= Melissa Trainer =

American biochemist

Melissa G. Trainer (born April 22, 1978) is an American astrobiologist who in 2004 demonstrated empirically that life could have formed on Earth through the interaction of methane, carbon dioxide and ultraviolet light (sunlight). She is Assistant Chief for Science, Operations, and Strategic Planning in the Planetary Environments Laboratory at NASA's Goddard Space Flight Center.

==Early life and education==
Raised in northern New Jersey since the age of four, Trainer attended Hackensack High School, from which she graduated as Valedictorian in 1996.

She completed her Bachelor of Arts degree at Franklin and Marshall College in Lancaster, Pennsylvania in 2000, graduating Magna Cum Laude with a major in Chemistry and a minor in Abstract Mathematics.

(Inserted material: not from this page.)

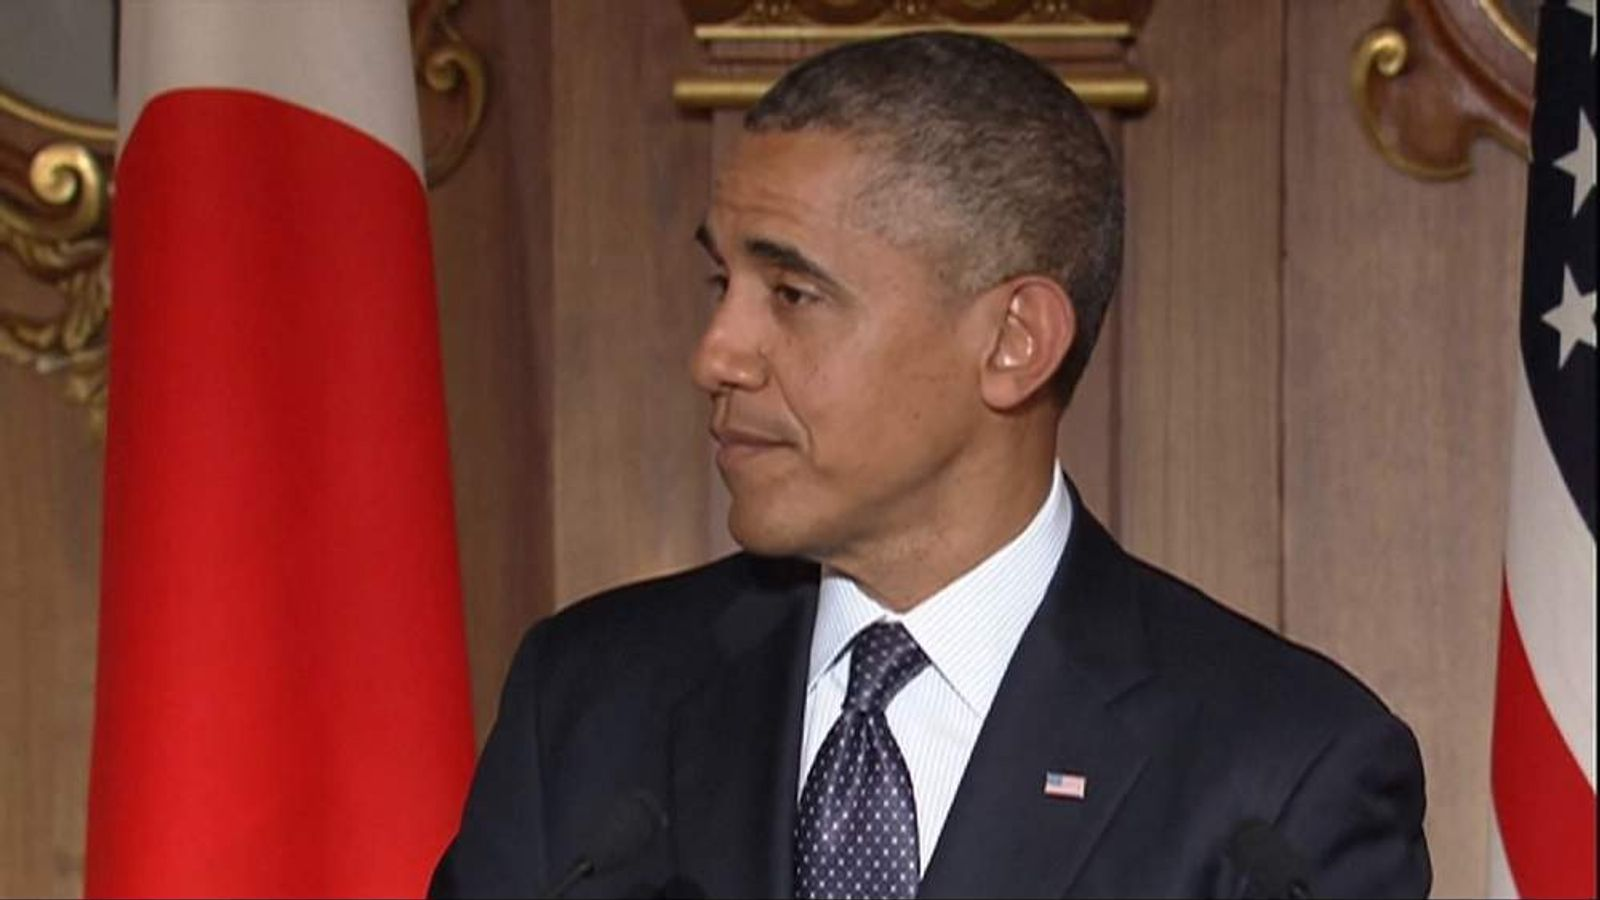 US President Barack Obama speaking in Tokyo

She completed her Ph.D. in Chemistry from the University of Colorado Boulder in 2006, where she worked with Margaret A. Tolbert. Her dissertation was “Laboratory Studies of Organic Haze Aerosols in Simulated Planetary Atmospheres”.

==Research==

As a doctoral student with Melissa A. Tolbert at the University of Colorado at Boulder in the Department of Chemistry and Biochemistry and the Cooperative Institute for Research in the Environmental Sciences, working in the field of atmospheric chemistry, Trainer conducted two experimental studies on the formation of aerosols (tholins) in the early atmosphere of Earth and the current atmosphere of Titan. Project investigator Owen Toon reported, "As had been predicted in some theoretical studies we found that the production rate of aerosols declines as the abundance of CO_{2} relative to methane increases in simulated terrestrial atmospheres."

Trainer and her coexperimenters reported on their findings in Astrobiology in a 2004 paper called "Haze Aerosols in the Atmosphere of Early Earth: Manna from Heaven". She later presented the findings at the 2006 NASA Astrobiology Science Conference (AbSciCon) in March 2006 where she was recognized for her work.

Trainer was a graduate research assistant at the University of Colorado, Boulder from 2000 to 2006, and a postdoctoral fellow at NASA's Astrobiology Institute from 2006 to 2009. As of 2009 she became a planetary atmospheric chemist at Goddard Space Flight Center. As of 2015, she became Assistant Chief for Science, Operations, and Strategic Planning in the Planetary Environments Laboratory at NASA's Goddard Space Flight Center.

Trainer continues to study the properties of Titan and early Earth aerosol analogs, using a wide variety of techniques including chemical, optical, and isotopic characterizations of analogs. She is active in astrobiology projects examining Mars, Titan, Venus.

==Dragonfly mission==
On June 27, 2019, NASA selected the Dragonfly mission to Titan as the next project of the New Frontiers exploration program. Trainer is the co-Deputy Principal Investigator.